Song by Grupo Niche
- Released: 1984
- Genre: Salsa/pachanga
- Songwriter: Jairo Varela

= Cali Pachanguero =

"Cali Pachanguero" (translation: Cali party-lover or Cali party animal) is a salsa song performed by Grupo Niche and written by the group's founder Jairo Varela. Released in 1984 on the album No hay quinto malo, (Note: "No hay quinto malo" translated as "There is no fifth bad" is a Spanish proverb of optimism meaning that in the end the situation will change to good.) it has been called an anthem of Colombian salsa.

The song has been recognized by multiple media outlets as one of the greatest songs in Colombian history:
- It was selected by Hip Latina in 2017 as one of the "13 Old School Songs Every Colombian Grew Up Listening To"; the publication called it "a staple of many a lit fête."

- In its list of the top ten Colombian songs, El Heraldo rated Cali Pachanguero at No. 9.

- It has also been ranked at number 27 in Billboard magazine's list of the 50 best Latin songs in history.

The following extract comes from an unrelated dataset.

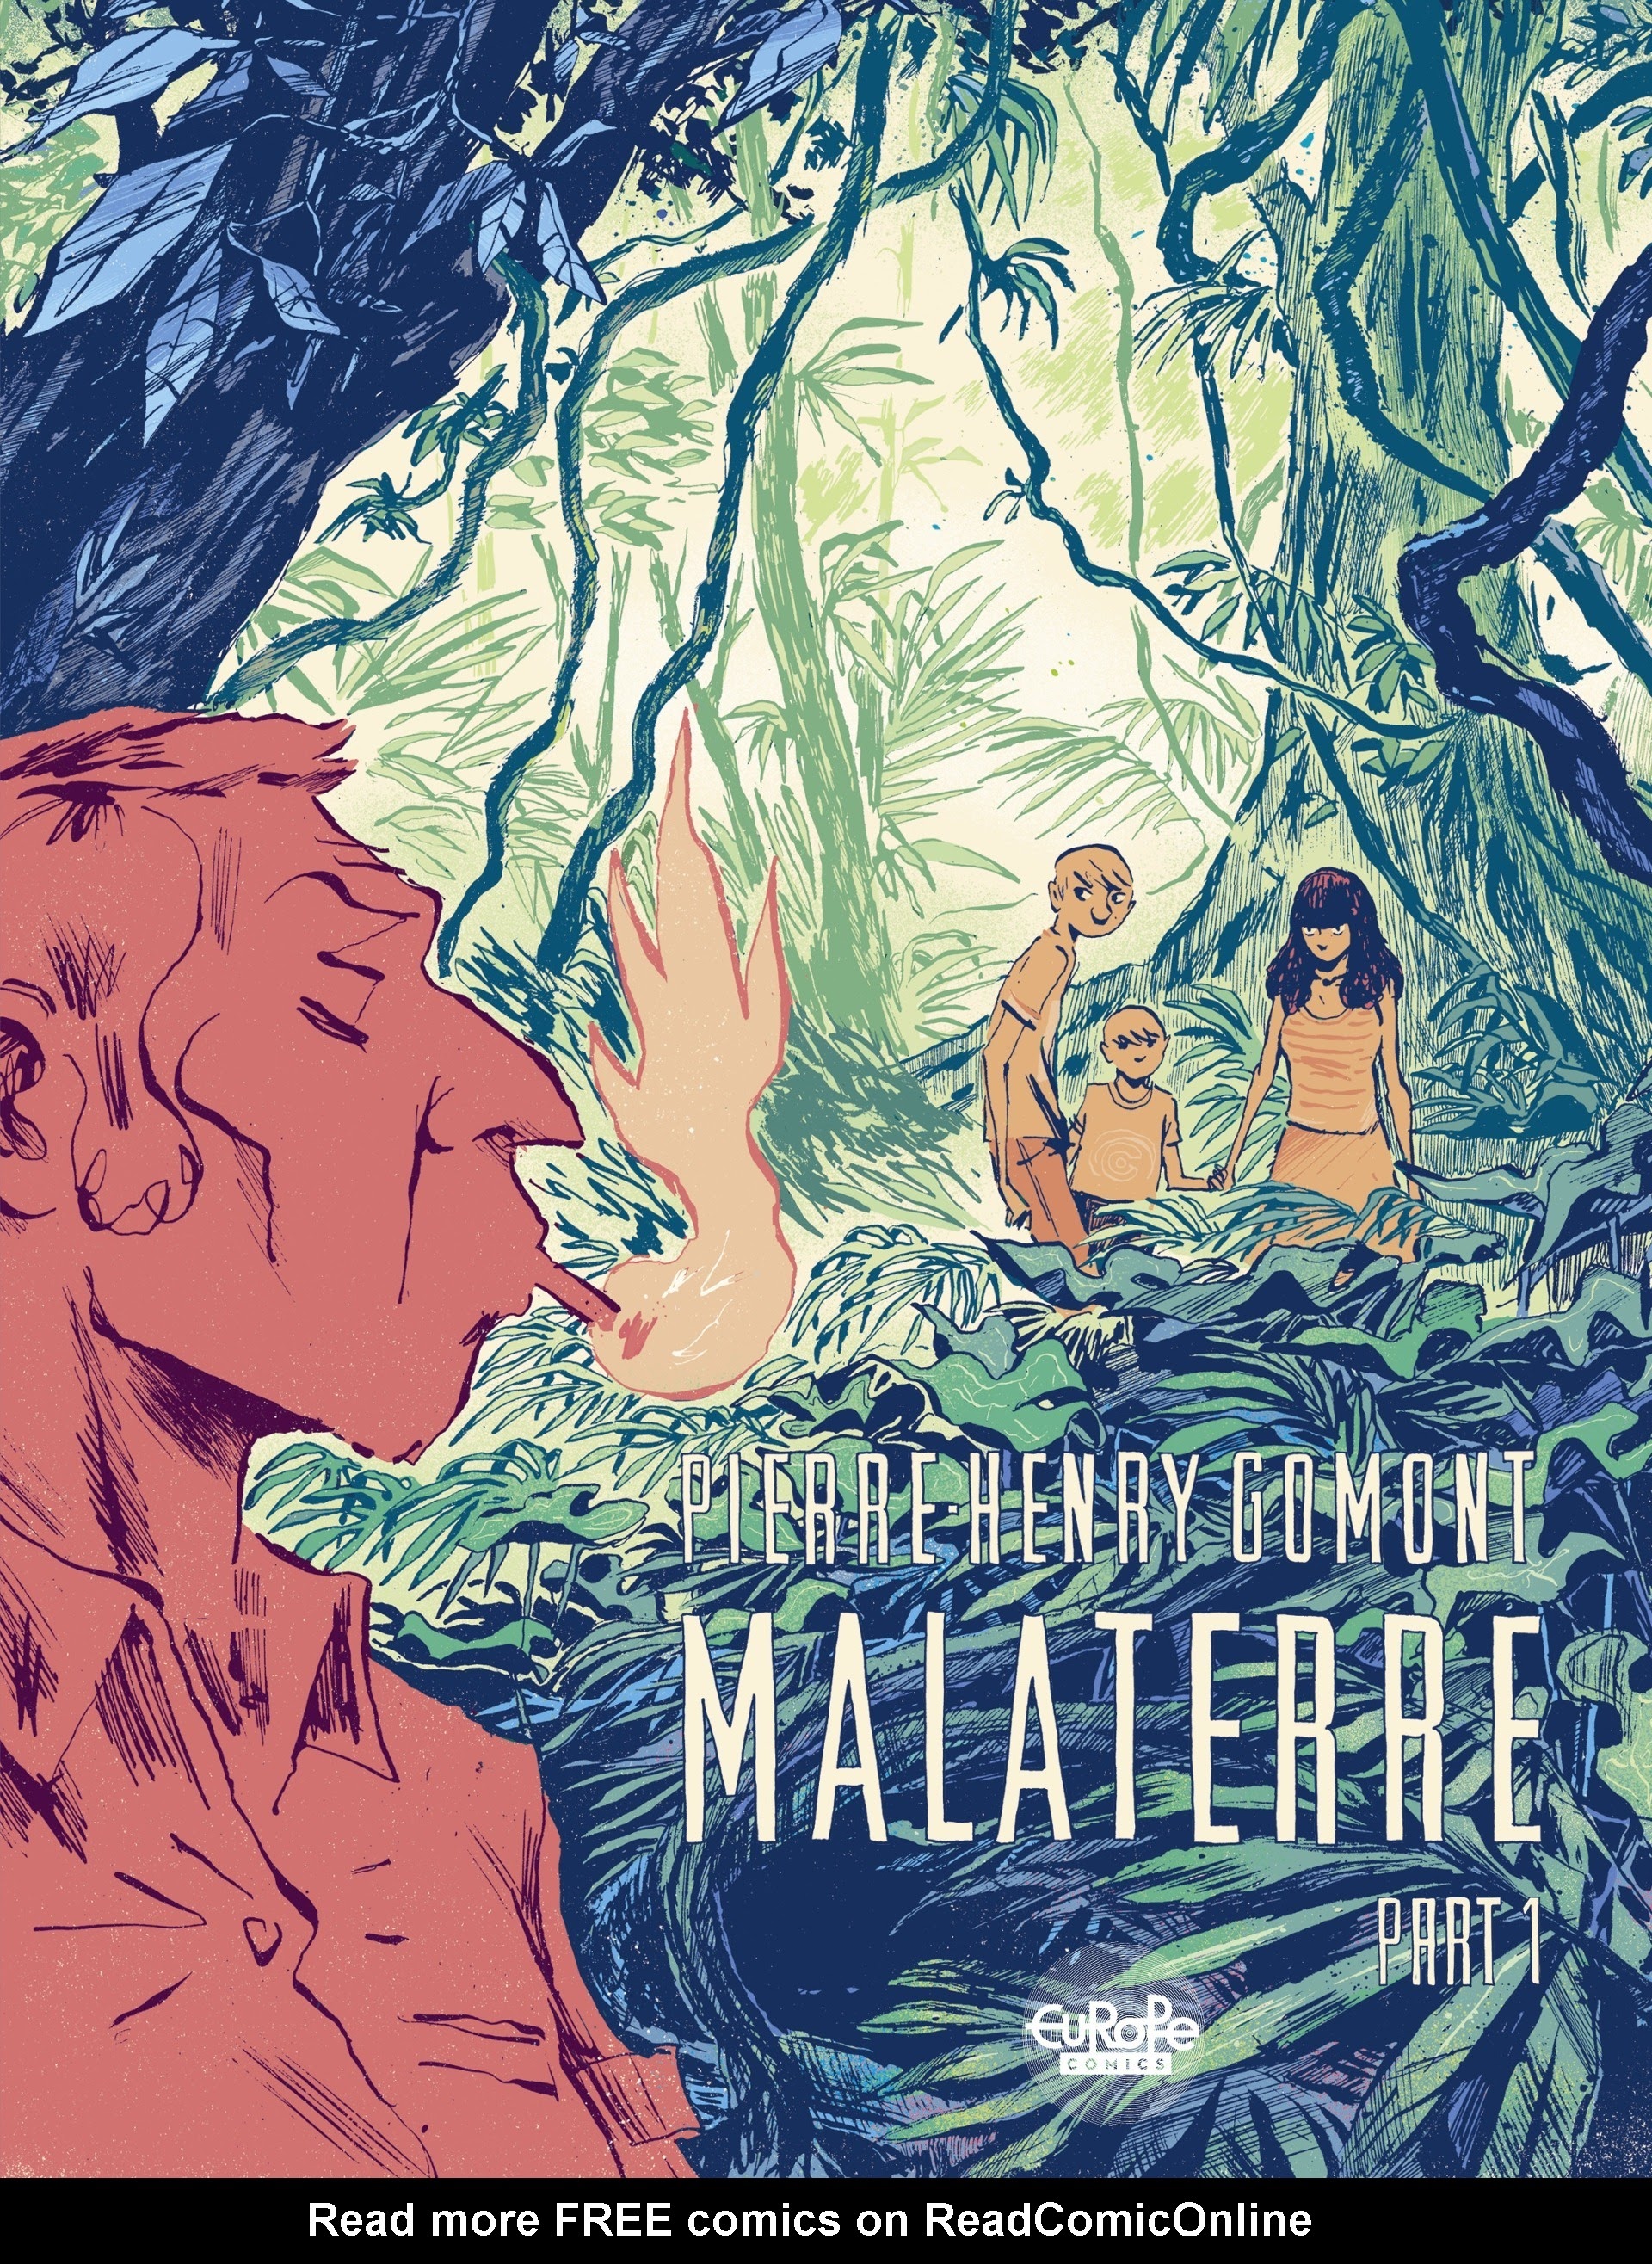 Read online Malaterre comic -  Issue # TPB 1 - 1

- It was listed on the "15 Best Salsa Songs Ever" by the same publication in 2018.

- Viva Music Colombia rated the song No. 17 on its list of the 100 most important Colombian songs of all time.

- In its list of the 50 best Colombian songs of all time, El Tiempo, Colombia's most widely circulated newspaper, ranked the version of the song recorded by Grupo Niche at No. 40.

The song's title is a homage to the influence of the pachanga genre in Cali.